** Entries shown follows **

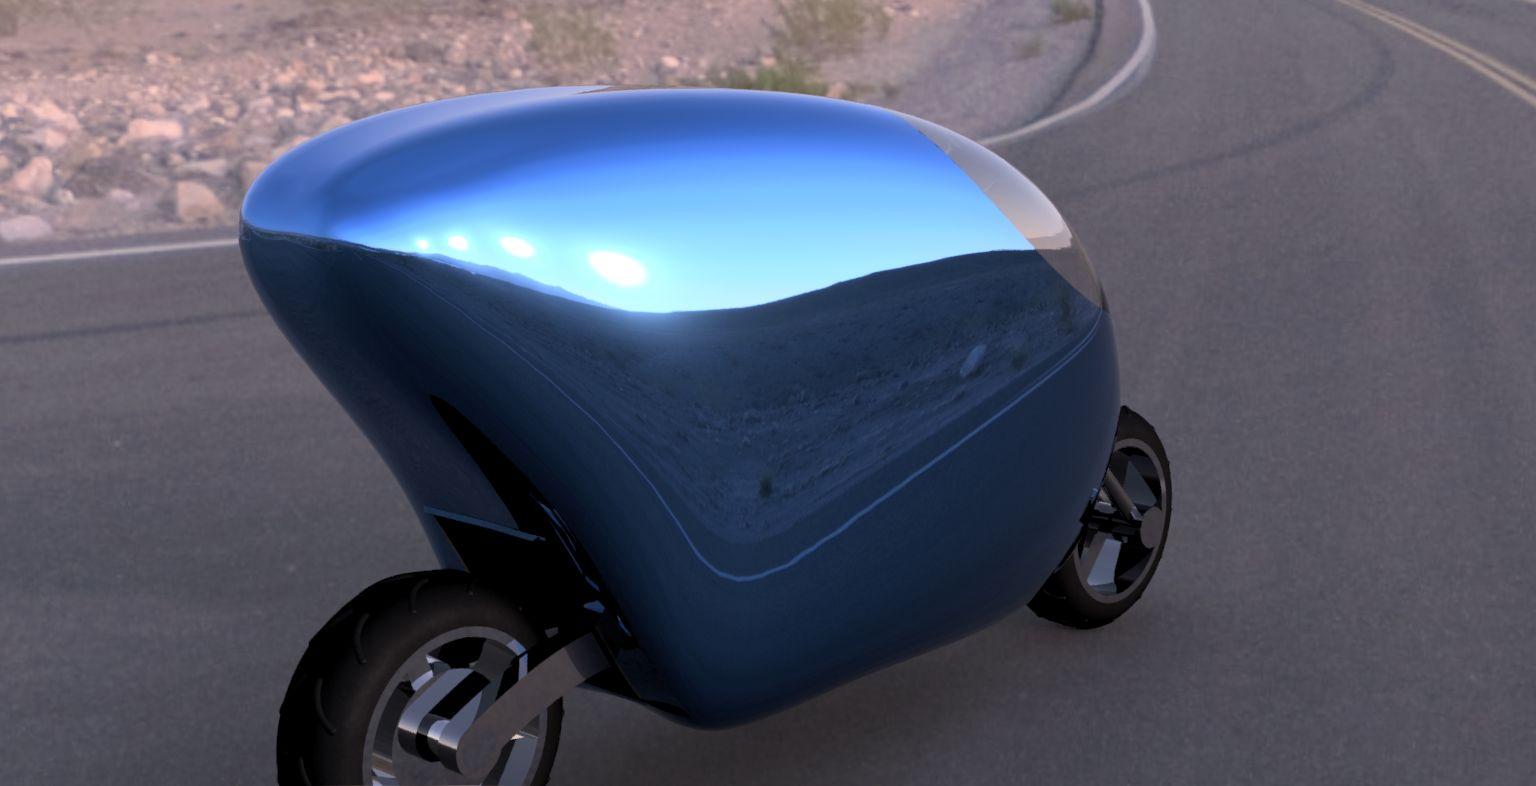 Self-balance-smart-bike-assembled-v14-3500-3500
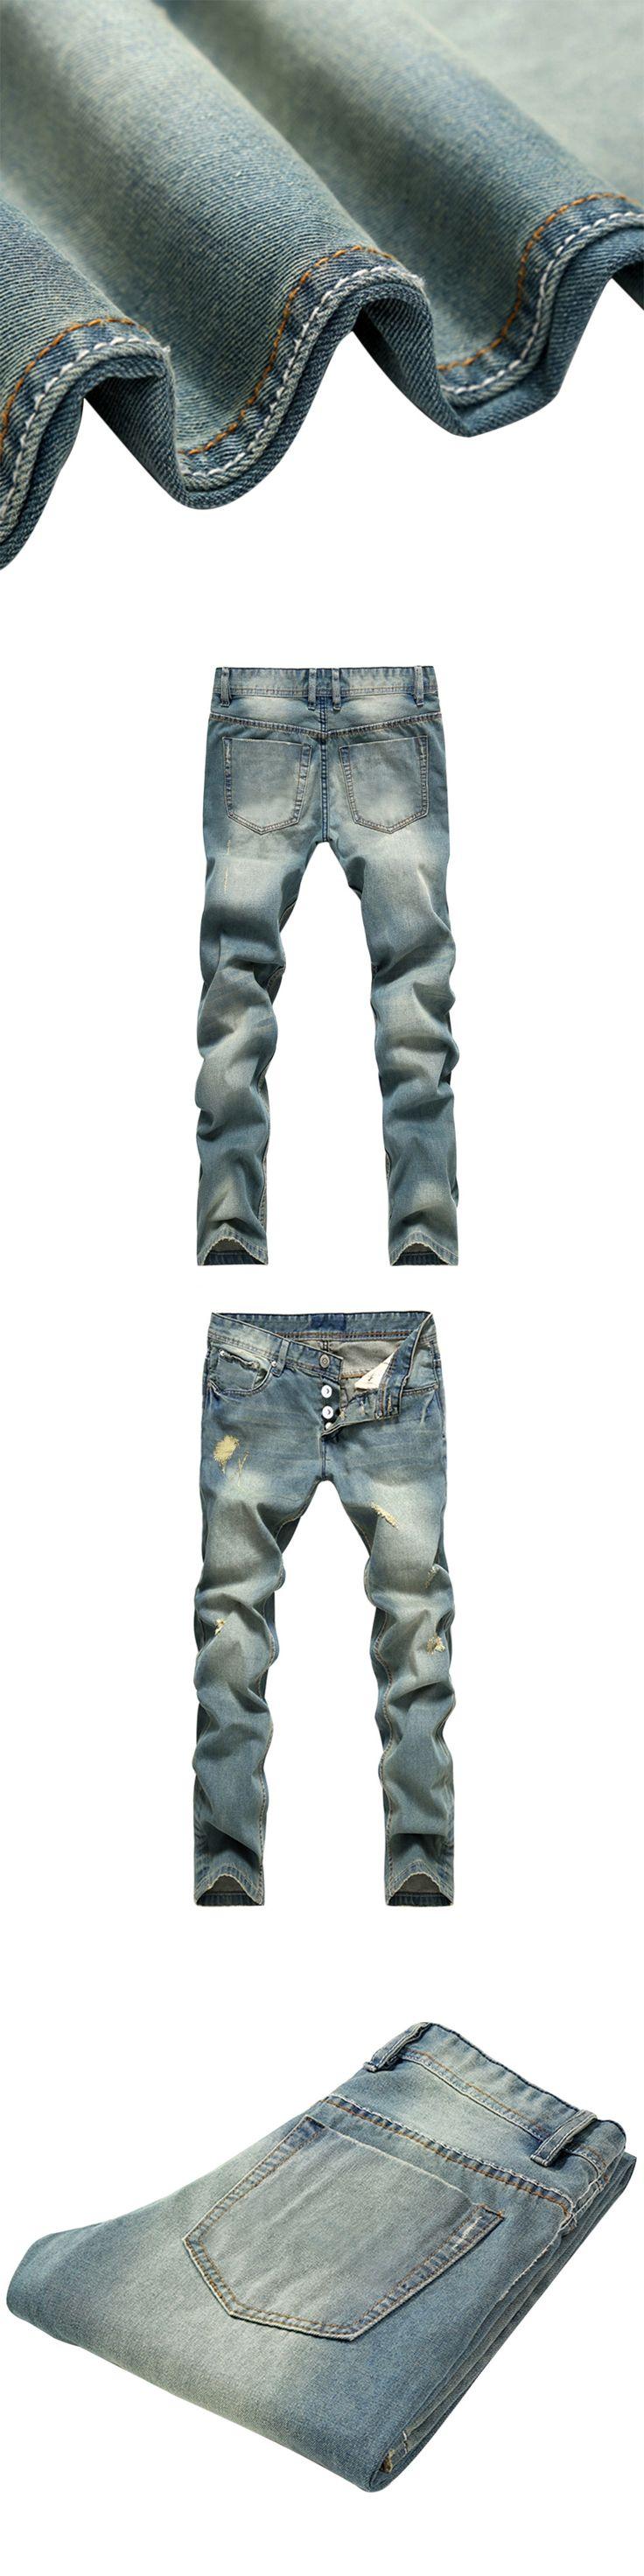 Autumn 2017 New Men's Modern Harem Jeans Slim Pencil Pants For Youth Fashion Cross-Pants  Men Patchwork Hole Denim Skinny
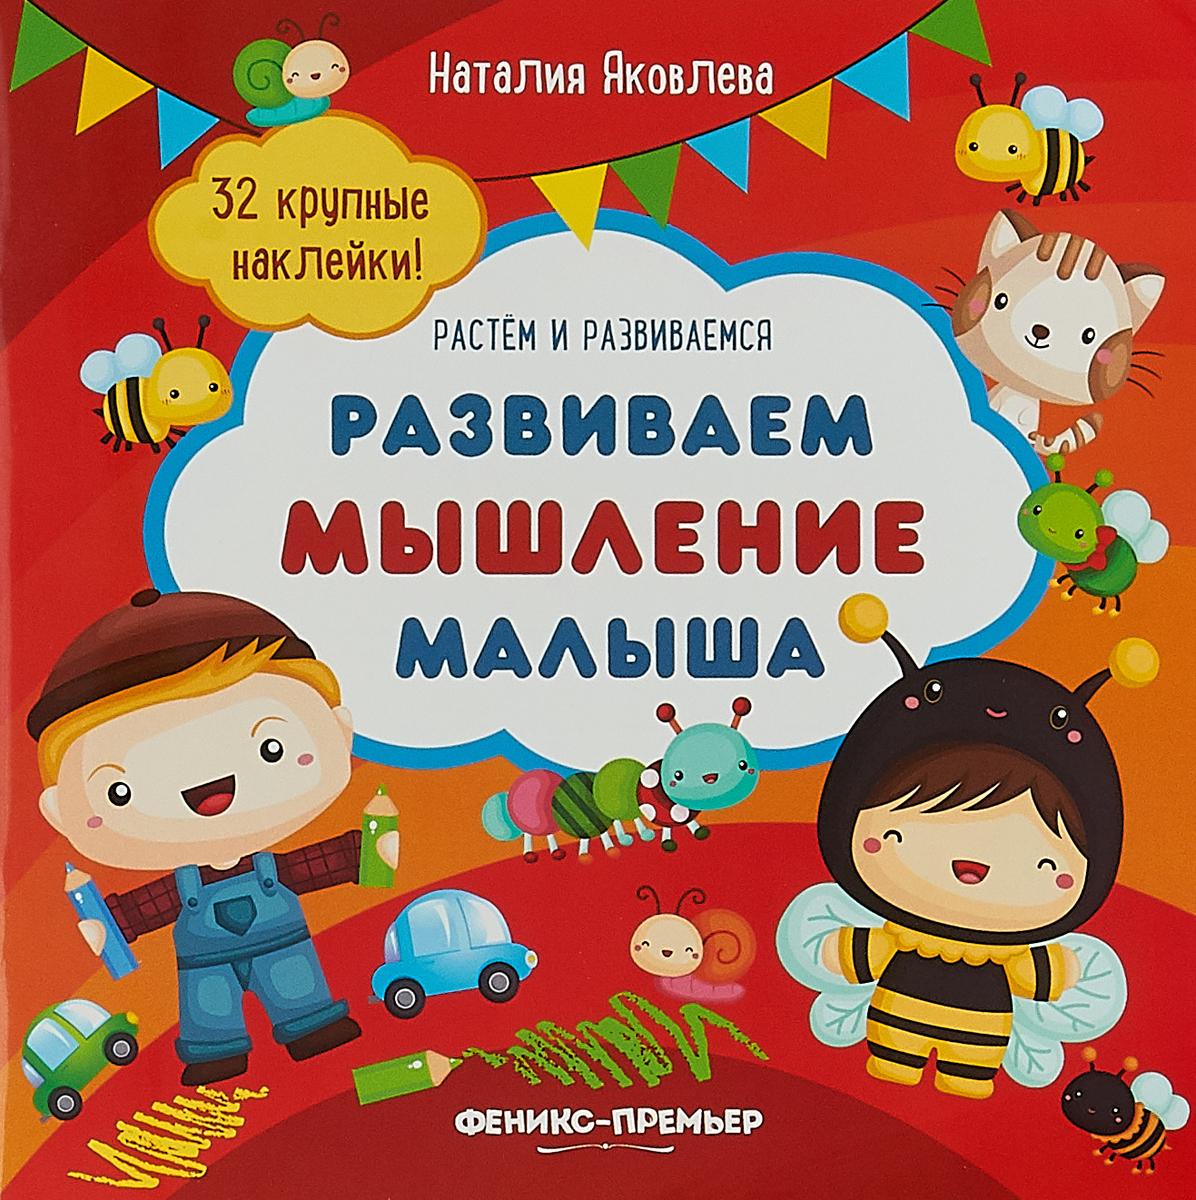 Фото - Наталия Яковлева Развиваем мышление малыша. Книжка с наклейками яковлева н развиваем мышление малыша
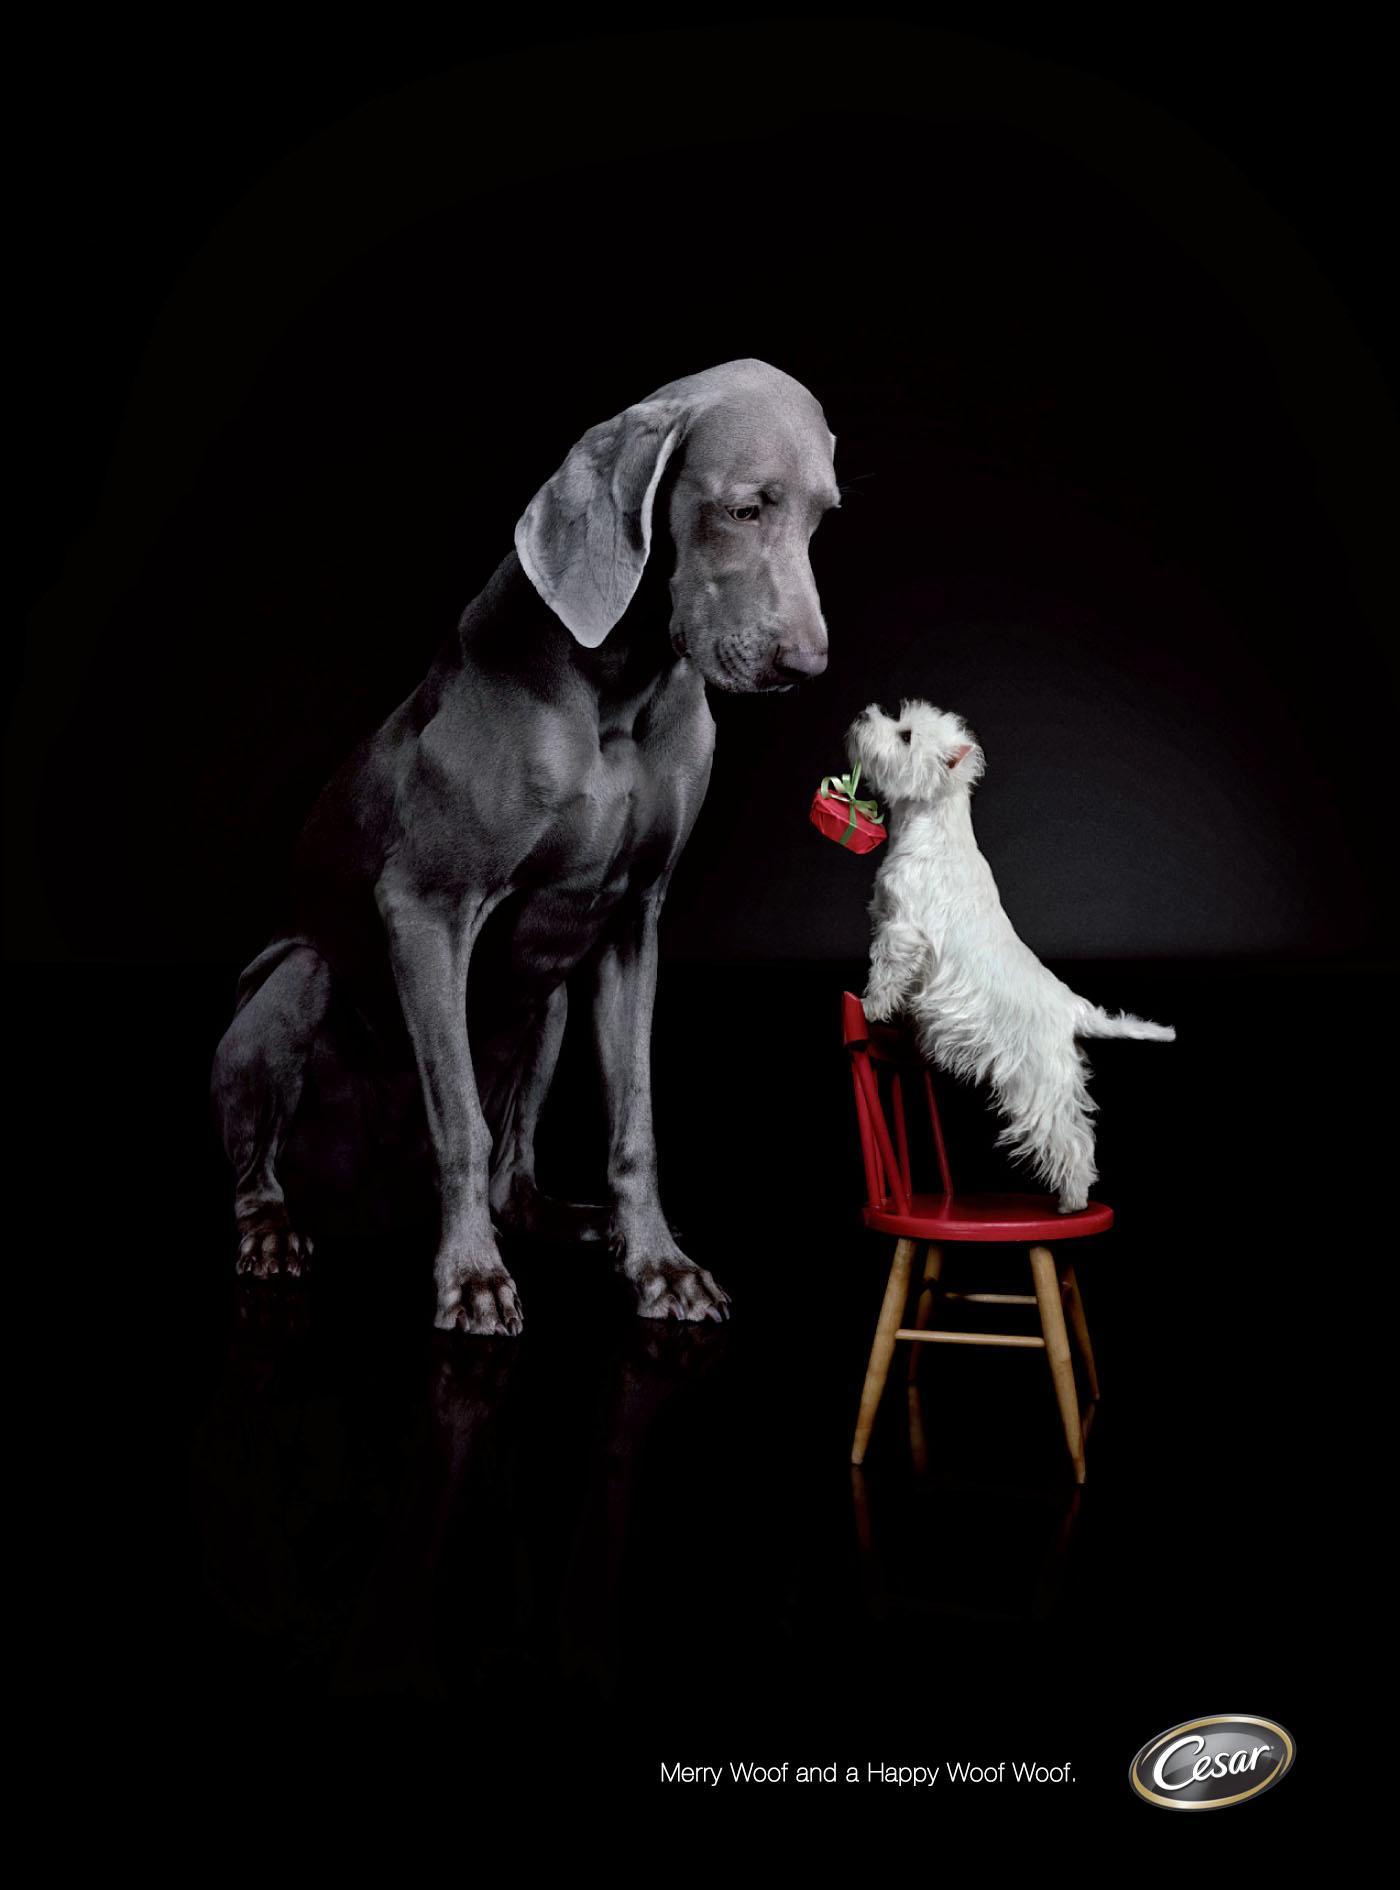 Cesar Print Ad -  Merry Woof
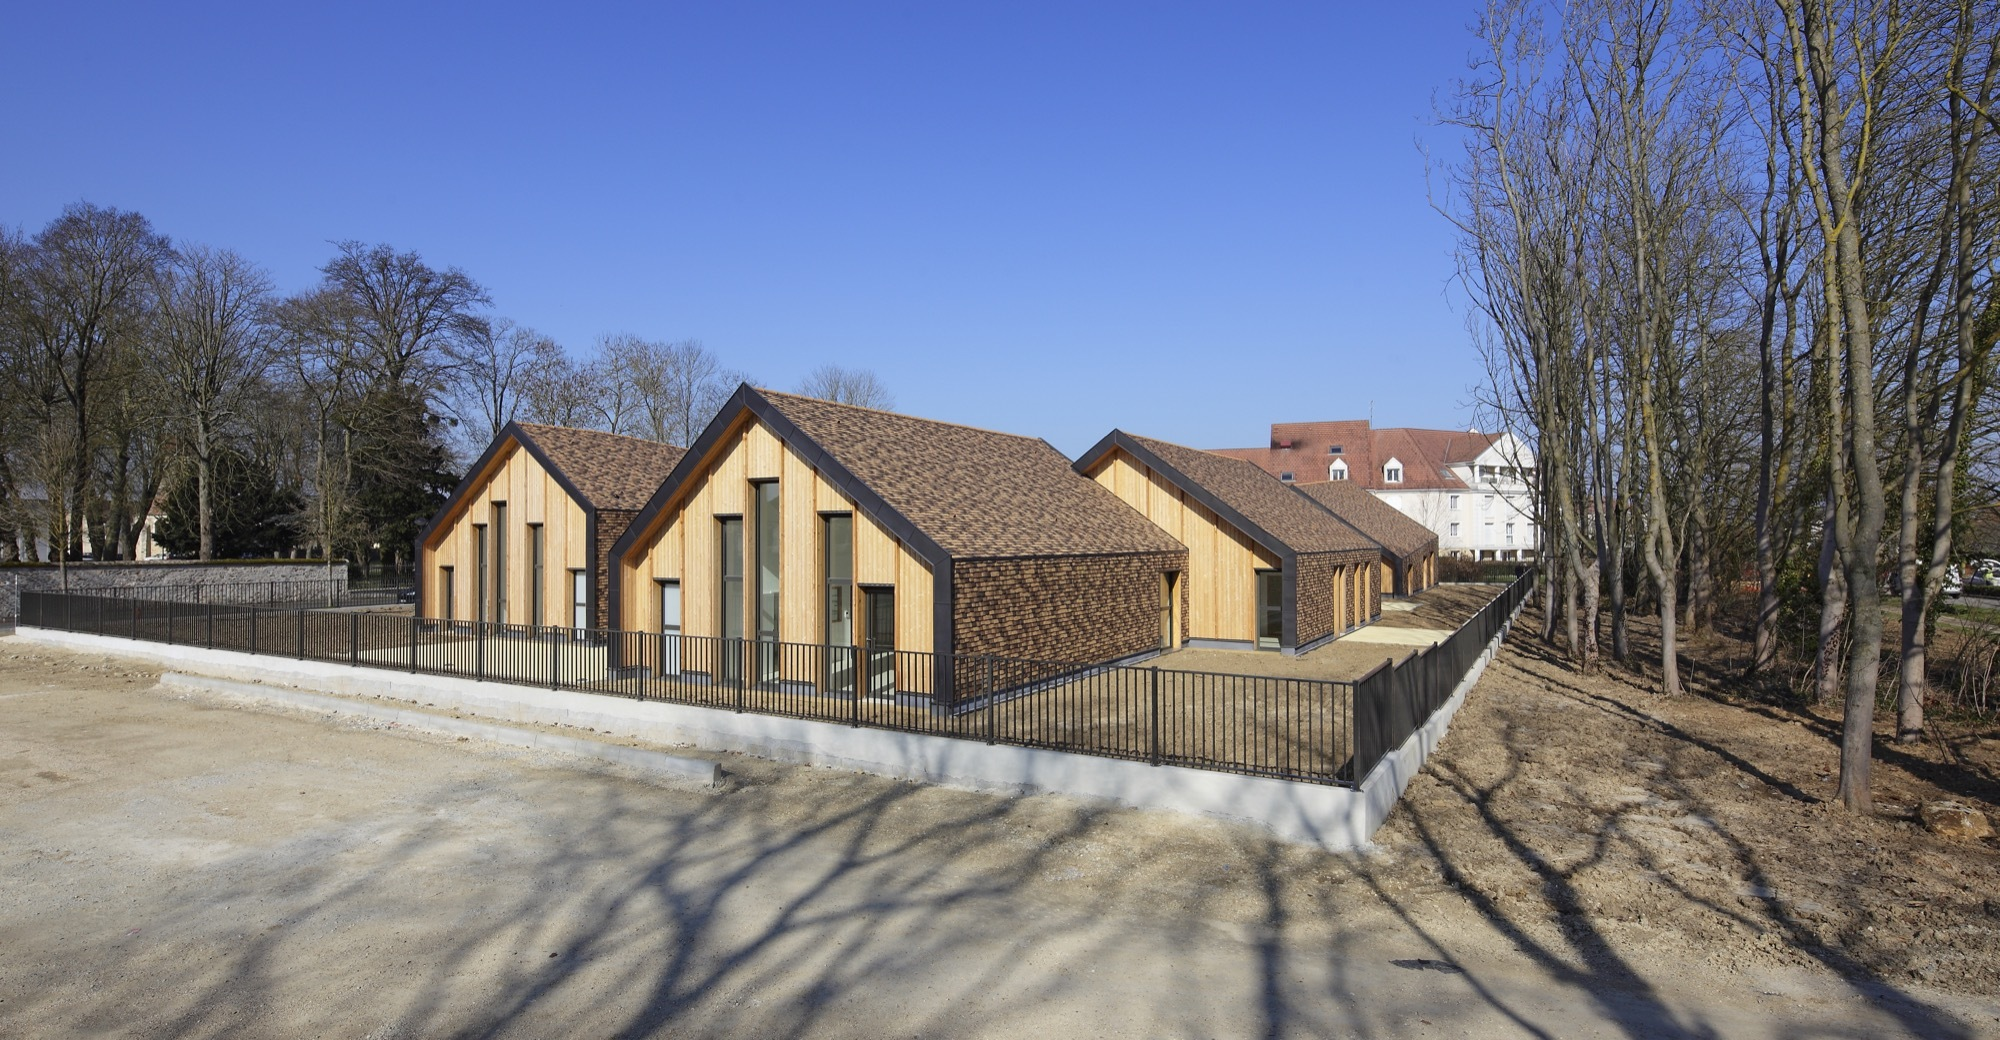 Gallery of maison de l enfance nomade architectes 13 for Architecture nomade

** End of Entries shown **

Exercise description: Although the records contain pictures, your copy should hold only the text, reproduced exactly.

Response:
 Self-balance-smart-bike-assembled-v14-3500-3500
 Autumn 2017 New Men's Modern Harem Jeans Slim Pencil Pants For Youth Fashion Cross-Pants  Men Patchwork Hole Denim Skinny
 Фото - Наталия Яковлева Развиваем мышление малыша. Книжка с наклейками яковлева н развиваем мышление малыша
 Cesar Print Ad -  Merry Woof
 Gallery of maison de l enfance nomade architectes 13 for Architecture nomade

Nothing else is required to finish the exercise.